Berman, tossed from the train and hobbled by her injuries, asked to use his phone. Initially, he refused, but Berman didn’t take no for an answer. “I was very aggressive,” she recalled.
As she called her father, she asked Bostian where they were, and he was specific about the location and the train number, 188. That level of awareness seemed at odds with other recollections. Philadelphia police Detective Joseph Knoll recalled meeting Bostian at Einstein Medical Center and hearing him ask about his whereabouts.
“Are we in New York?” Knoll recalled Bostian saying. “I heard him say that.”
McMonagle asked both Berman and Knoll whether they were aware Bostian had sustained a head injury in the crash, and both said they had seen evidence of an injury.
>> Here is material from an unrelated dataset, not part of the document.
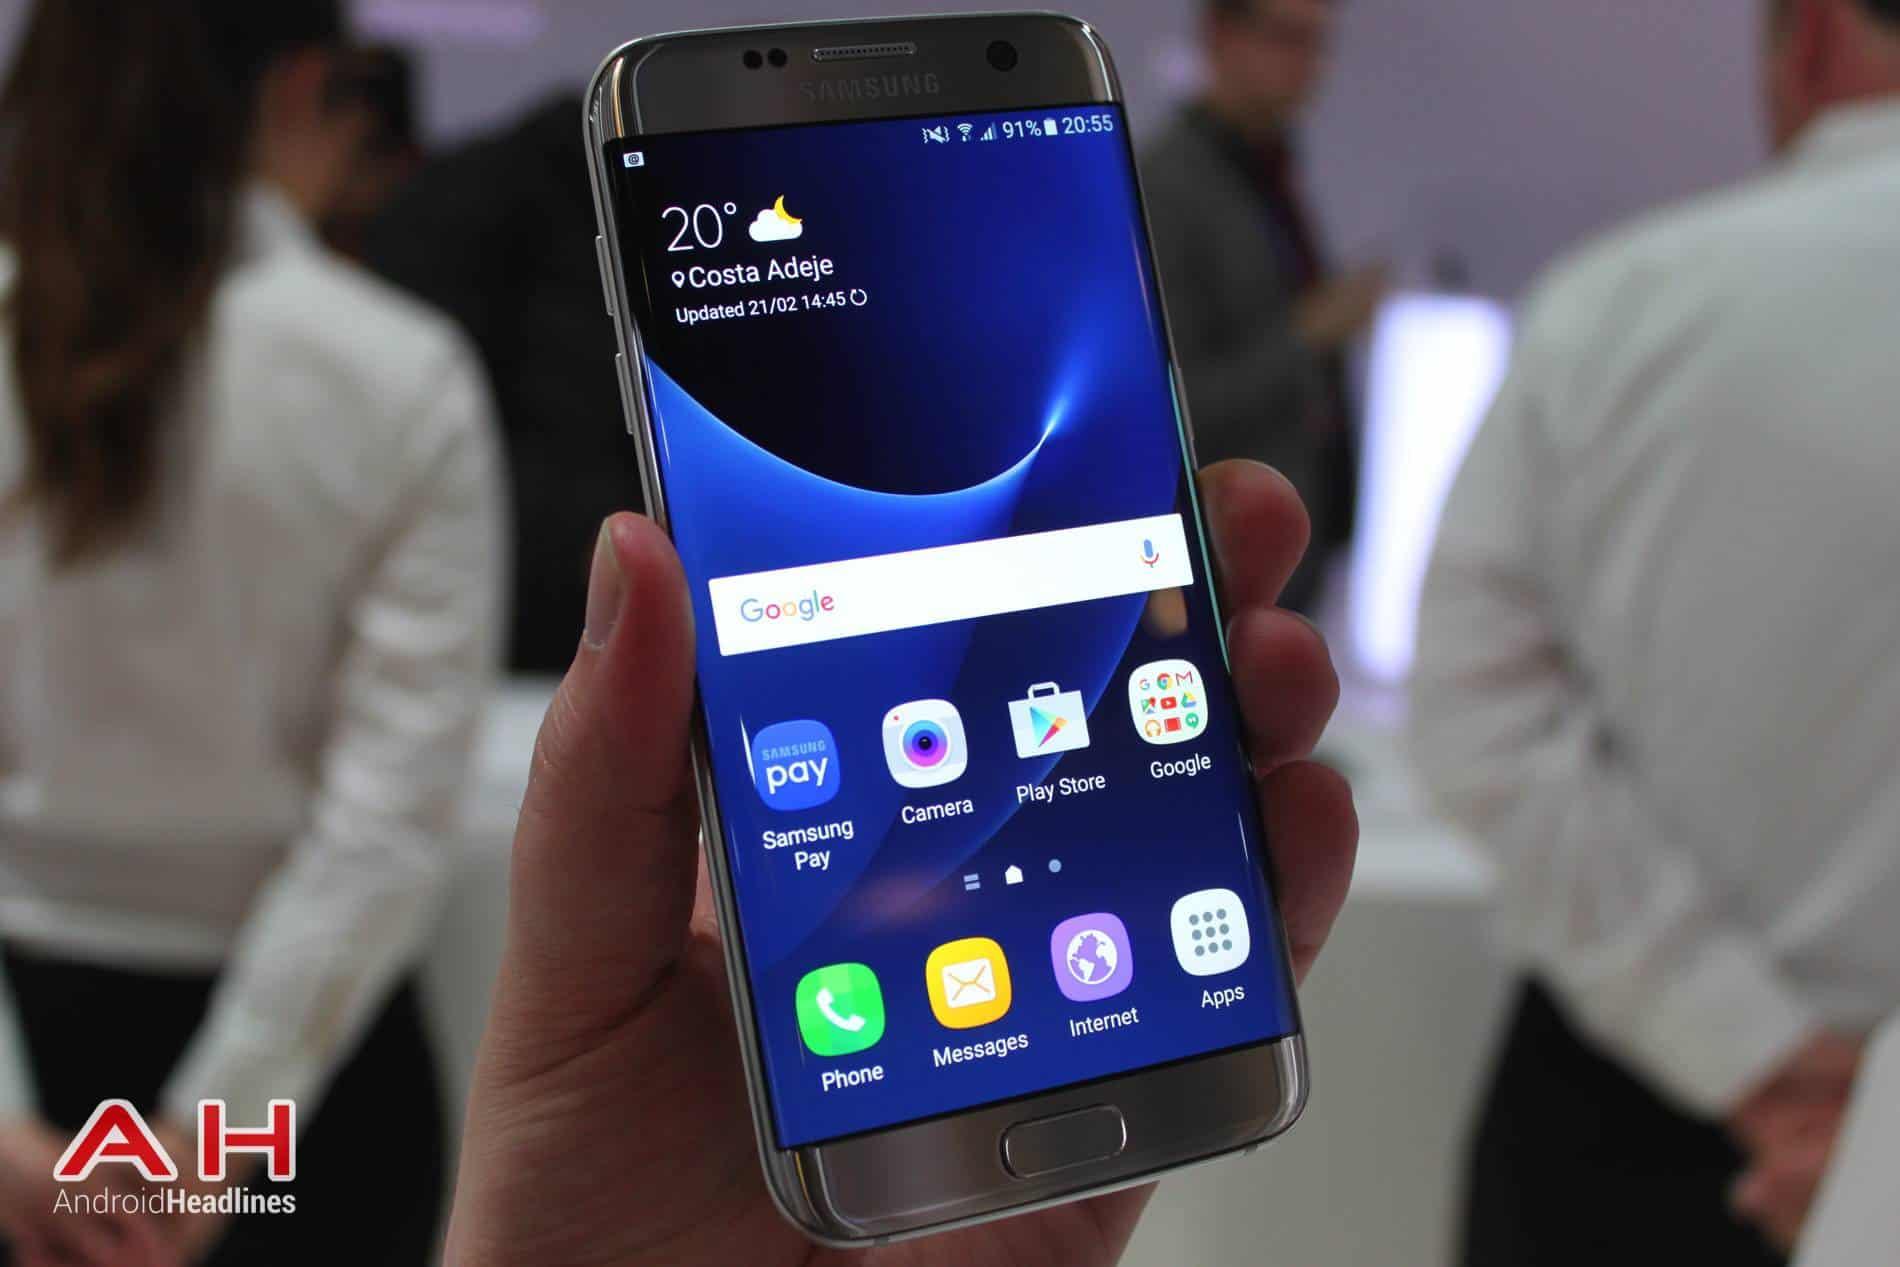 Galaxy S7 Edge MWC AH 31

Bostian suffered a concussion in the crash.
John Hines, a senior director of compliance and certification with Amtrak and a contributor to the rail company’s crash investigation, described Bostian’s training, including eight weeks of classroom and simulator work, as well as on-the-job training that required him to memorize his route and be familiar with its speed restrictions. The engineer properly obeyed speed regulations through Philadelphia’s tracks until nearing the Frankford Curve, where he accelerated steadily from 80 mph to 106 mph.
Amtrak Police Detective Joseph Degrazia testified that Bostian had safely operated trains through the area where the derailment occurred 25 times in the six weeks before the derailment.
McMonagle, though, pounced on a key detail the prosecution did not raise, that about the time of the derailment, in the same area, a SEPTA train reported being struck by a rock. Bostian had been listening to radio chatter about that incident, Hines said, and passed the damaged SEPTA train in the minutes before the derailment. McMonagle didn’t dispute that Bostian was going dangerously fast as he entered the turn. Instead, he raised an explanation for the disaster that came up a year and a half ago when the NTSB concluded its investigation, that Bostian had become confused as to where he was.
“Speed alone,” he said, “is not enough.”